Take the lines from the one with "Waterproof Tourism Vintage" through the end of the material below and repeat them exactly, dropping every picture.

*Provided material:*
..........

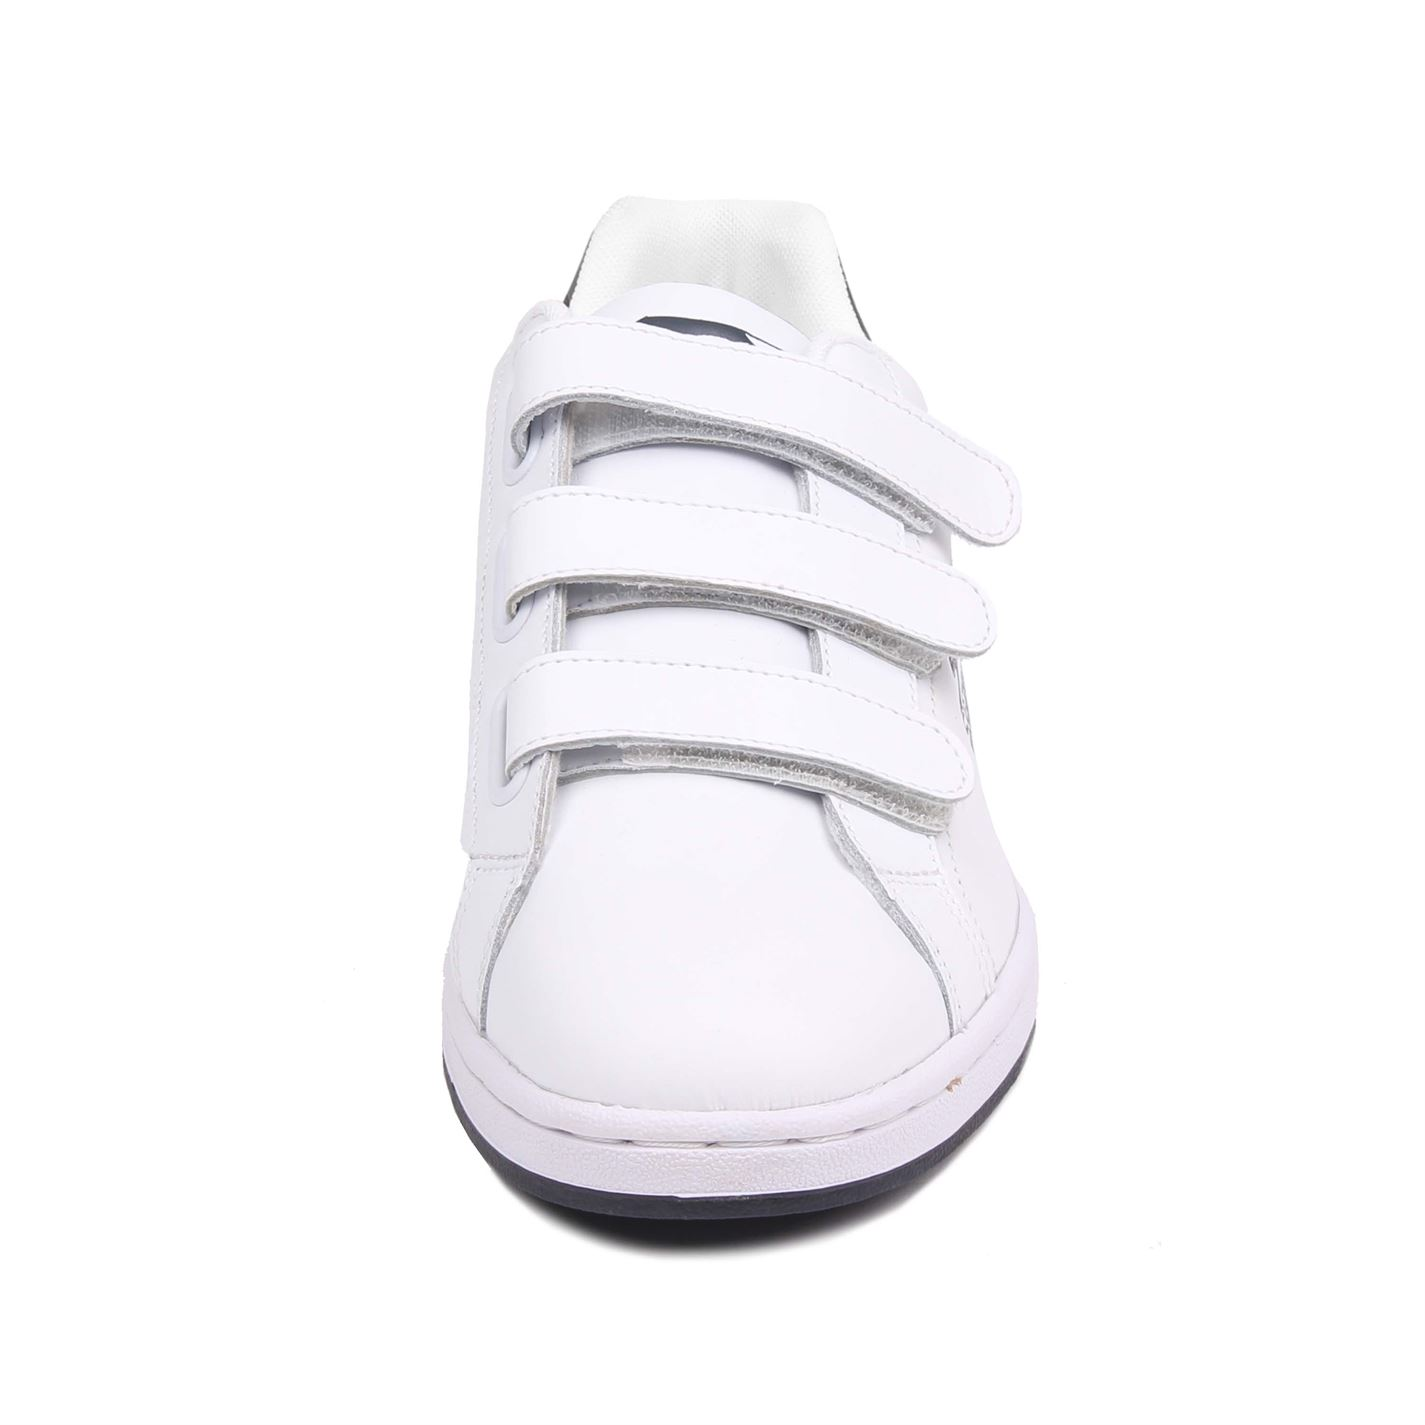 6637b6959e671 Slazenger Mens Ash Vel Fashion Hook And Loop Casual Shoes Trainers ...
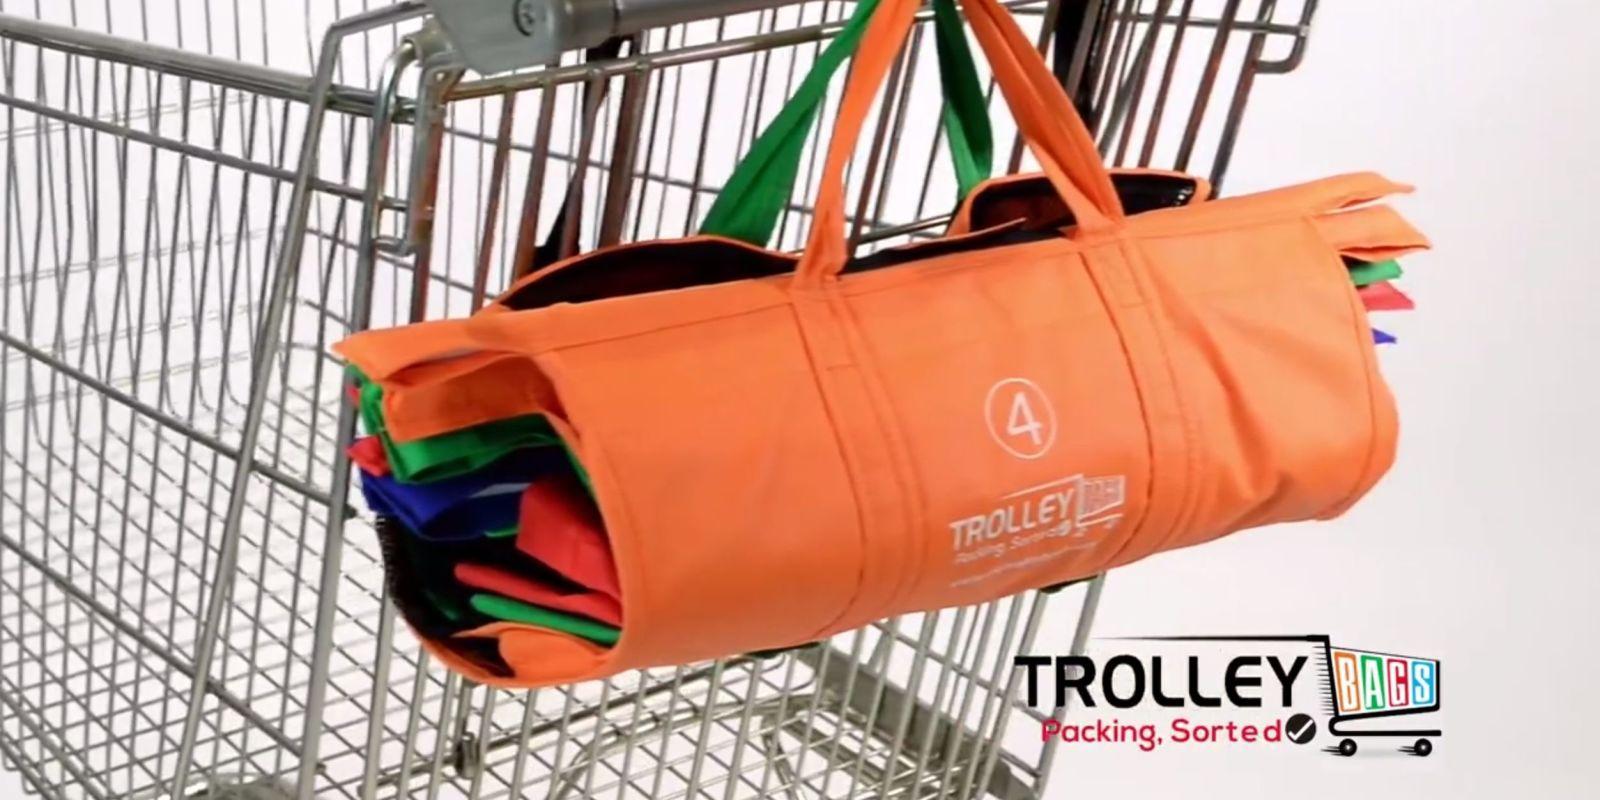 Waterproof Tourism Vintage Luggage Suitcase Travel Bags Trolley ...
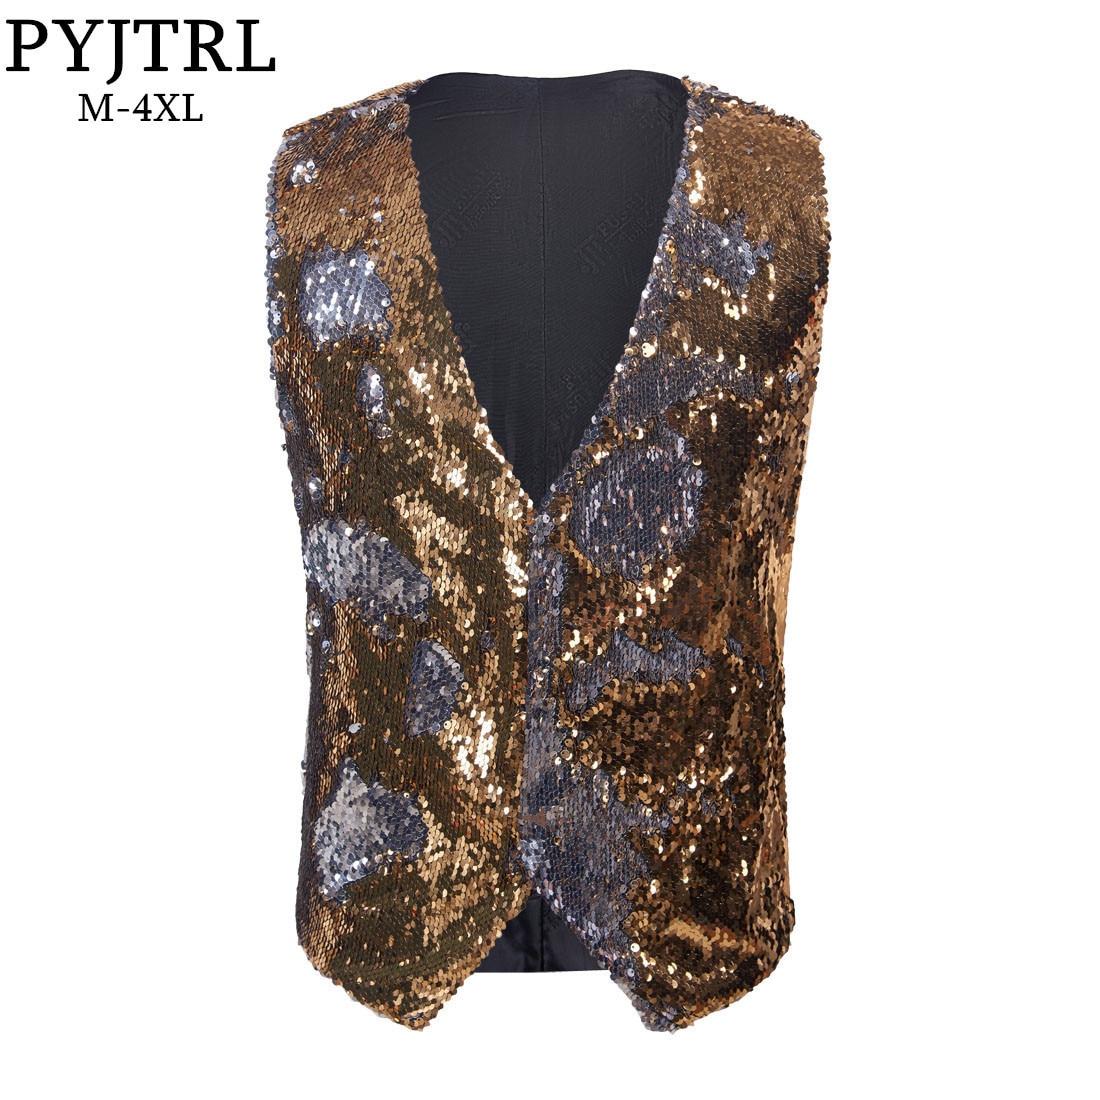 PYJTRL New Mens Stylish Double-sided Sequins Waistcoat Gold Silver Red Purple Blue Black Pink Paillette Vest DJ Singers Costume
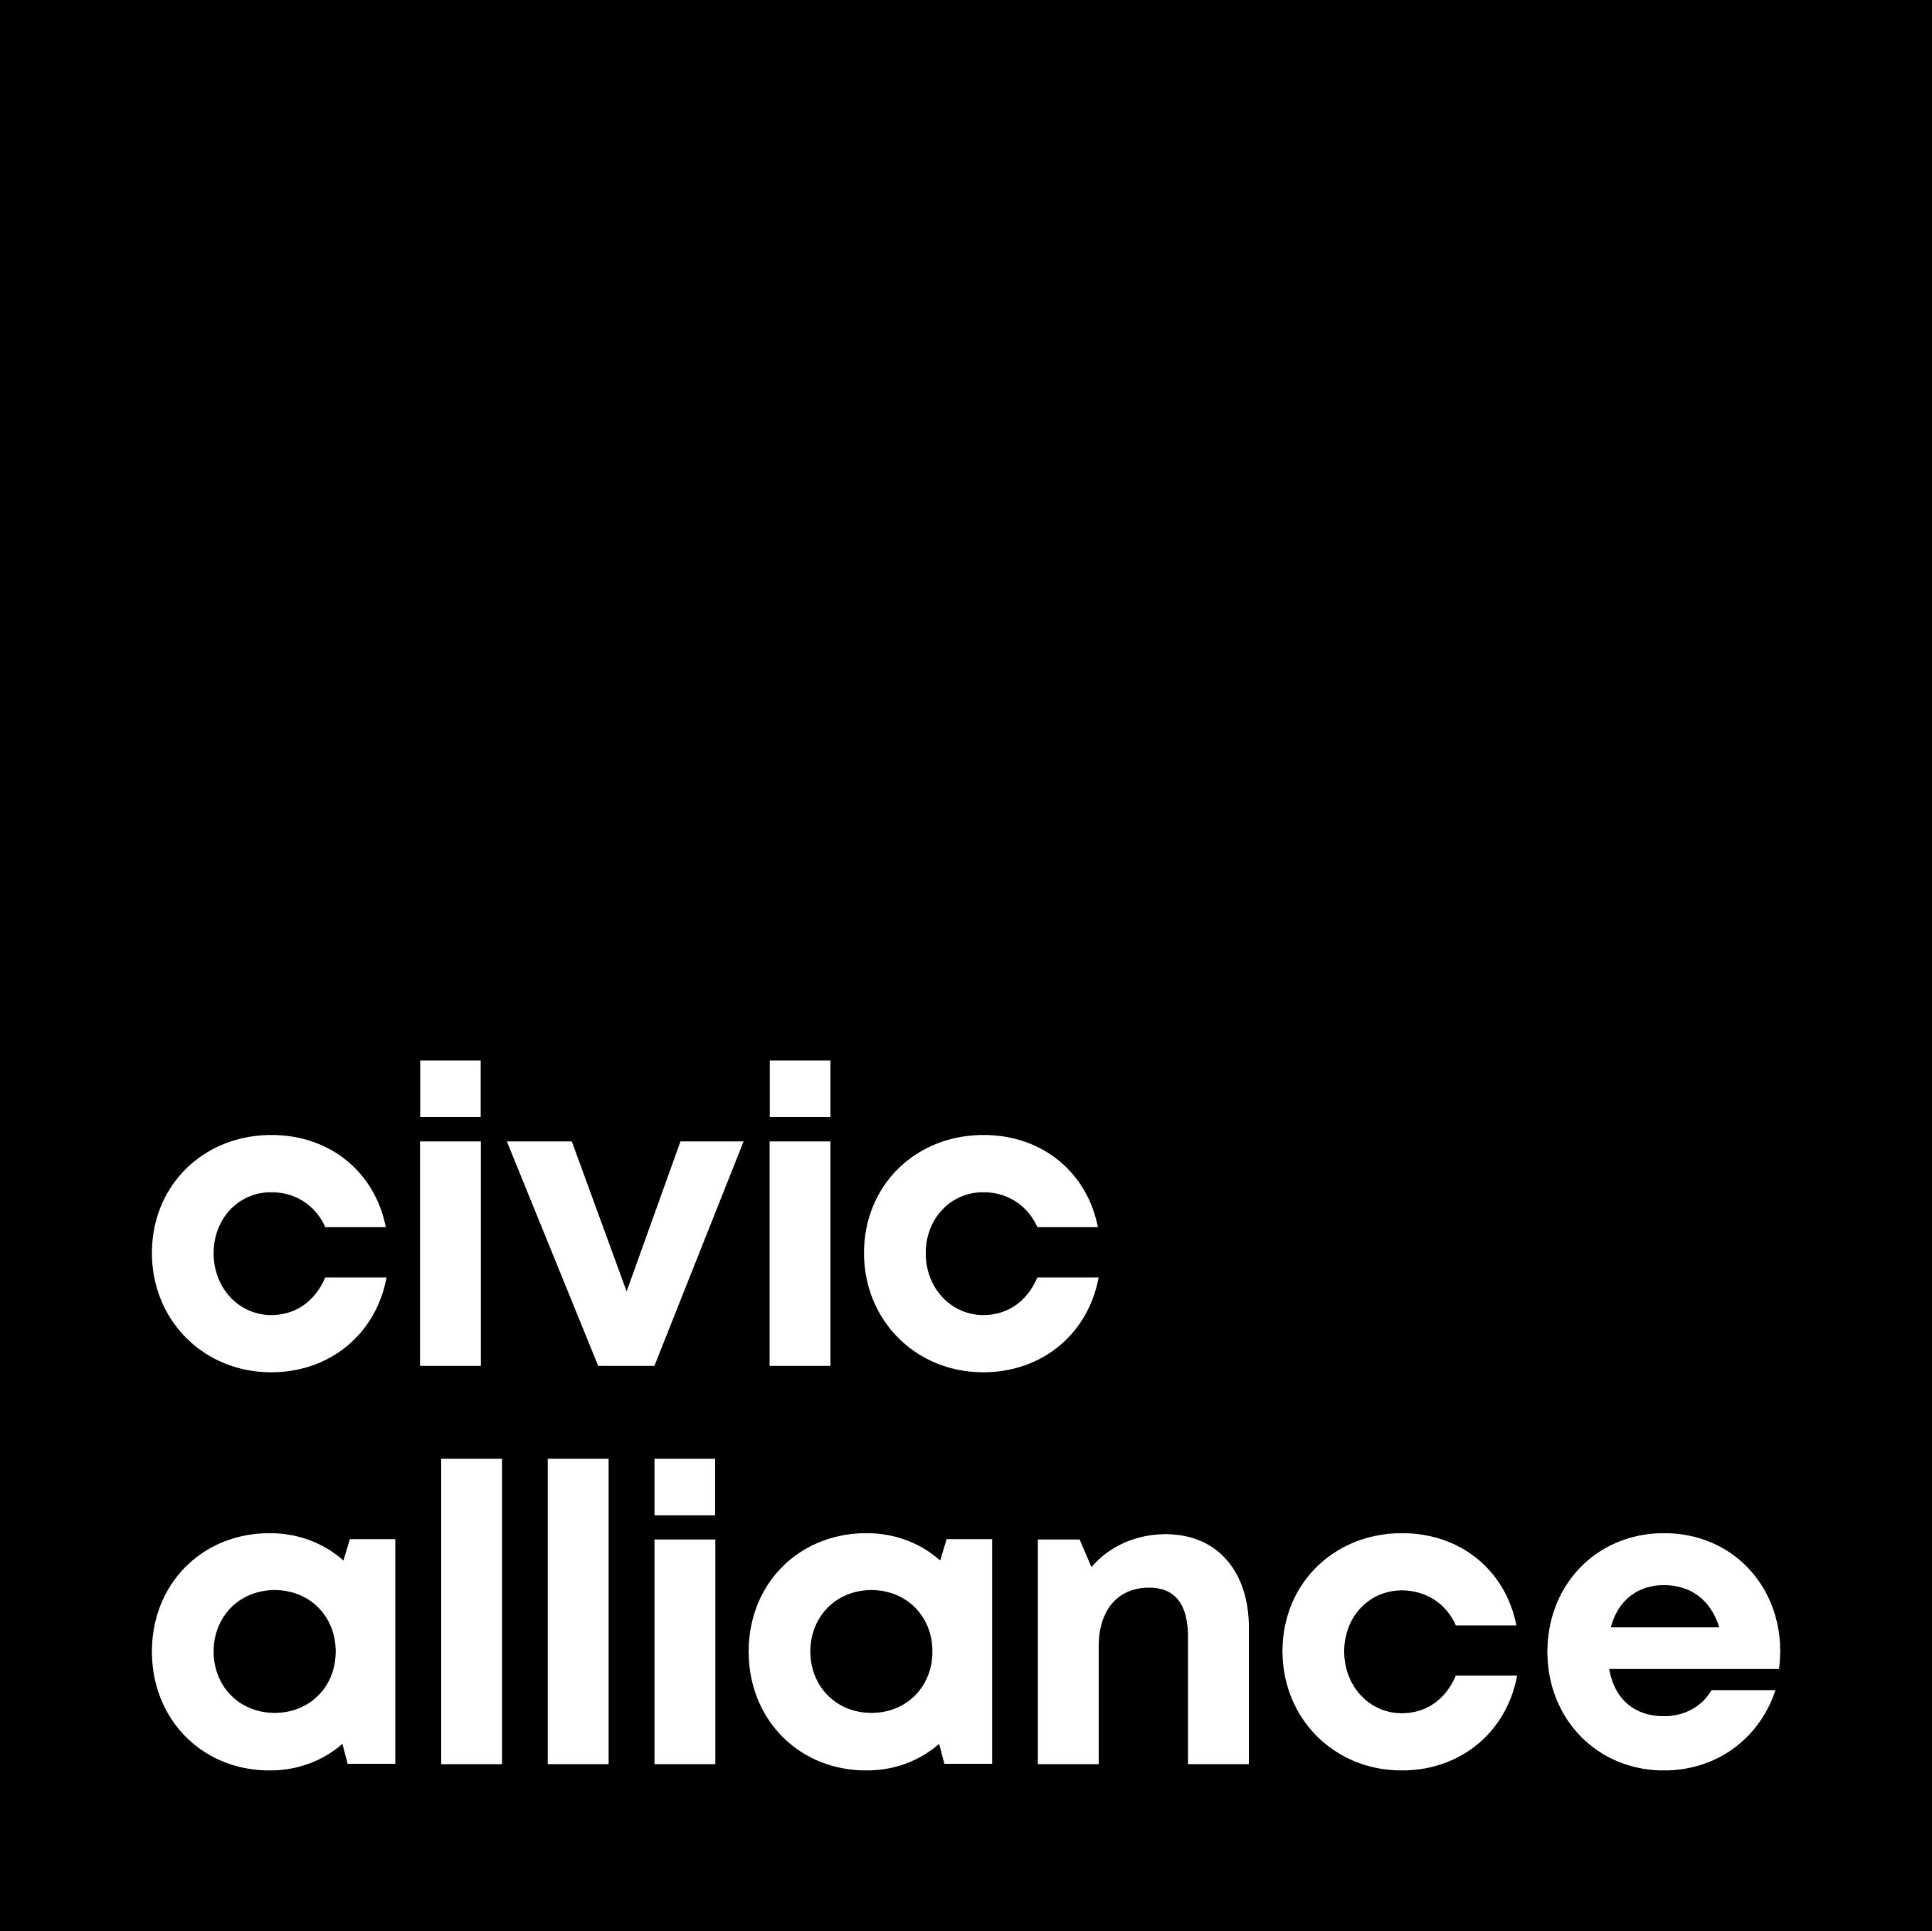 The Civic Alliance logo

..........

*Solution:*
 Waterproof Tourism Vintage Luggage Suitcase Travel Bags Trolley ...
 PYJTRL New Mens Stylish Double-sided Sequins Waistcoat Gold Silver Red Purple Blue Black Pink Paillette Vest DJ Singers Costume
 The Civic Alliance logo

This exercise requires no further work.